Obstacles seen and unseen effects in COVID-19 schools

On March 11, 2020, the World Health Organization declared COVID-19 an epidemic. Underlining the seriousness of the situation, most countries have closed their schools for months to reduce the spread of the coronavirus and prevent hospital congestion. Two years later, students and teachers are returning to private education with some apprehension about the spread of the coronavirus form.

Educators, policymakers, parents and students are concerned about the impact of school closures on education and socialization. David Malpas, president of the World Bank Group, said that “the epidemic has caused the greatest loss of human capital in living memory and the worst education crisis in a century.” Unfortunately, this huge loss of human capital could transform into a major labor market in the future.

The unseen nature of the loss of education

In many ways, the impact of the labor market will disappear. None of the students currently affected will see their pests in the future and will see an epidemic tax cut. No national income account will reflect the size of the loss, although it will accumulate quietly over time. Yet the loss will not be less real for the unseen. French economist, politician and journalist Friedrich Bastiat believed that it was one’s social responsibility to point out the unseen damage in public policy debates.

It is not easy to meet our social responsibility by measuring the future unseen effects of epidemic-related school closures. Some of the major measurement difficulties come from the time lag between the impact of learning and their consequences — a problem that Alfred Marshall identified long before 1890. The outcome of education decisions today, whether taken by policy makers or families, is precisely by their nature. Only measurable after a long time, at which time very little can often be done to correct past mistakes. In other words, one must either be very patient or have an intelligent research design to measure the impact.

Estimating the cost of school disruption: top down and bottom up

Researchers often use models with a small number of variables to measure the potential impact of COVID-19-related school closures on people’s future incomes. This top-down method is usually based on estimates of average school drop-out years due to epidemics, estimated school returns, and other parameters, such as informed estimates about the mitigation effect of distance schooling. The method reduces a complex world to rather general aggregate models. But the complex features are often unknown, which makes the top-down method the best possible alternative to mimic the future effects of a push (two examples of studies using this method: one; two).

The main problem with the top-down approach is that it ignores the effects of the bottom-up response: the mitigation factors that parents and students take when school closes. Even under normal circumstances, families play a major role in educating children. But in extreme cases, such as epidemics, the importance of the family system increases. For example, counseling for family members, personal tutoring, and extracurricular online courses may have played a significant role, albeit an unknown, mitigation role during the epidemic.

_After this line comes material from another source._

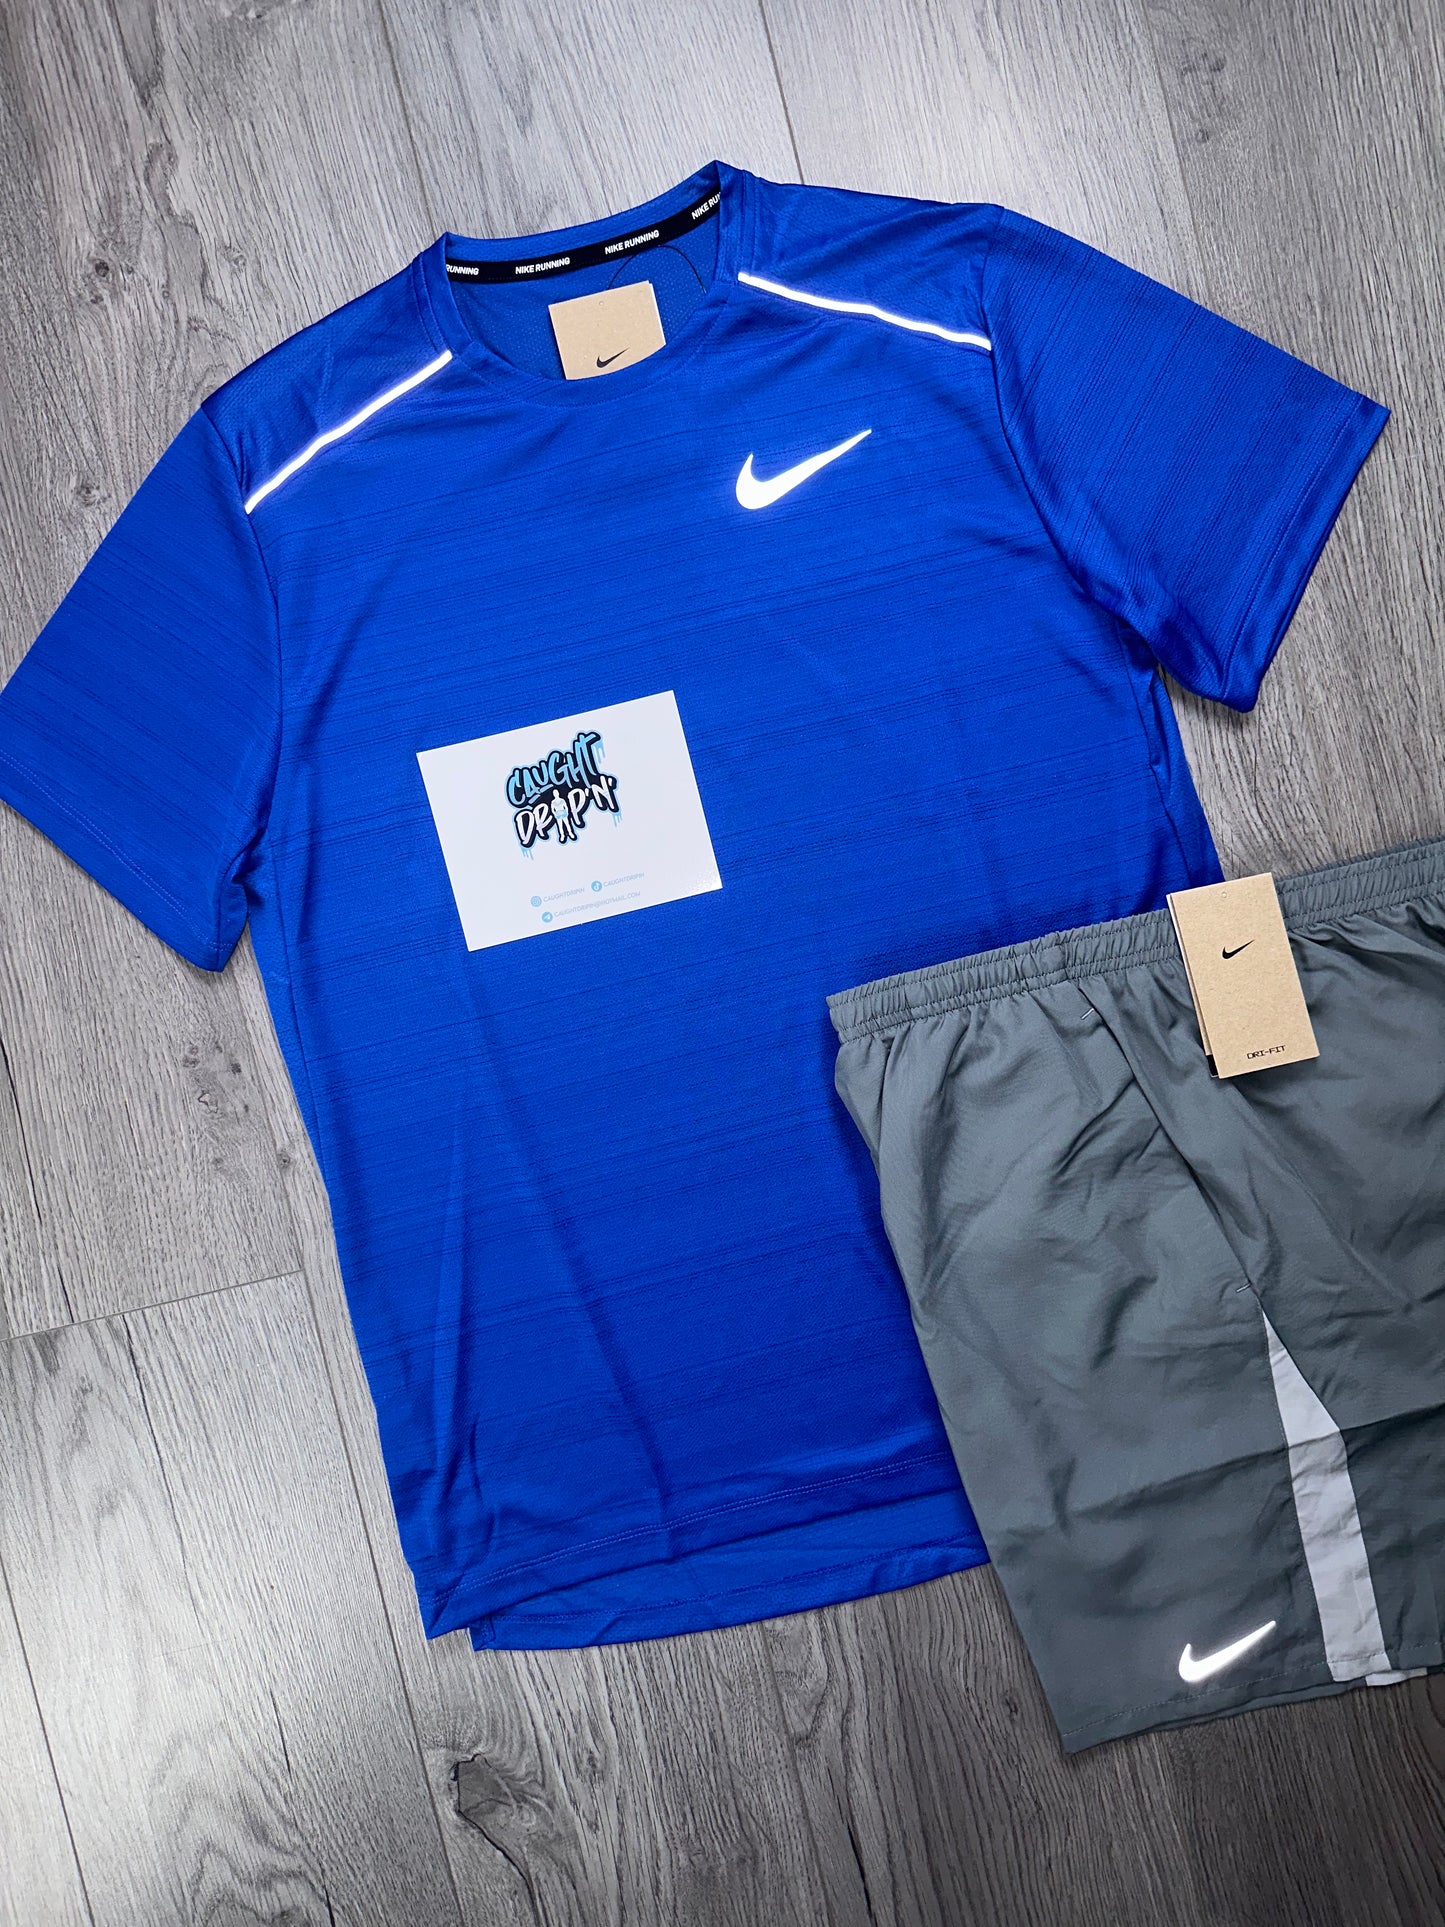 OG Royal Blue Nike Miler Set

A bottom-up estimate of the cost of disrupting schooling

A new World Bank paper has used an episode of school closures in the past to estimate the long-term effects of the current epidemic on affected students working in Kuwait’s civil service during the Gulf War in Kuwait (when Iraq invaded Kuwait). , The main employment choice for Kuwaiti citizens. Closing schools due to the Gulf War is analytically effective because it happened about 30 years ago, so the effects of all bottom-up feedback on labor market outcomes are already exhausted. This past closure has a lot in common with the current epidemic-related school disruption, which allows us to estimate the salaries lost due to the shock of epidemic-related education.

When Iraq invaded Kuwait and started the Gulf War, the school was closed for the 1990/91 school year. As a result, many Kuwaiti students have lost access to formal schools and only a few students who have emigrated can continue their education abroad. The following school year, when schools reopened, was used to restore damaged school infrastructure and to accelerate schooling to allow students to be apprehended. Nonetheless, the disruption has resulted in lower-than-average school attendance. Decreased earnings have turned into long-term wage losses for Kuwaiti students.

The study estimates that boys in primary school may face a salary loss of more than $ 2,600 per year during epidemic-related school closures, and girls may lose more than 500 1,500 per year (Figure 1). In their careers, the average current value of a lifetime income loss could be more than $ 40,000 for boys and about $ 21,000 for girls. These are big losses. In this context, the monthly salary of the civil service in 2019 means an average annual salary of $ 62,000 for Kuwaiti men and $ 47,000 for Kuwaiti women.

Unfortunately, the results are both reassuring and annoying. They are reassuring because the estimated income loss levels are consistent with the top-down study. Ironically, however, the predicted losses could be large and long-lasting, putting tremendous pressure on policymakers who are struggling to contain the virus and grow their economies.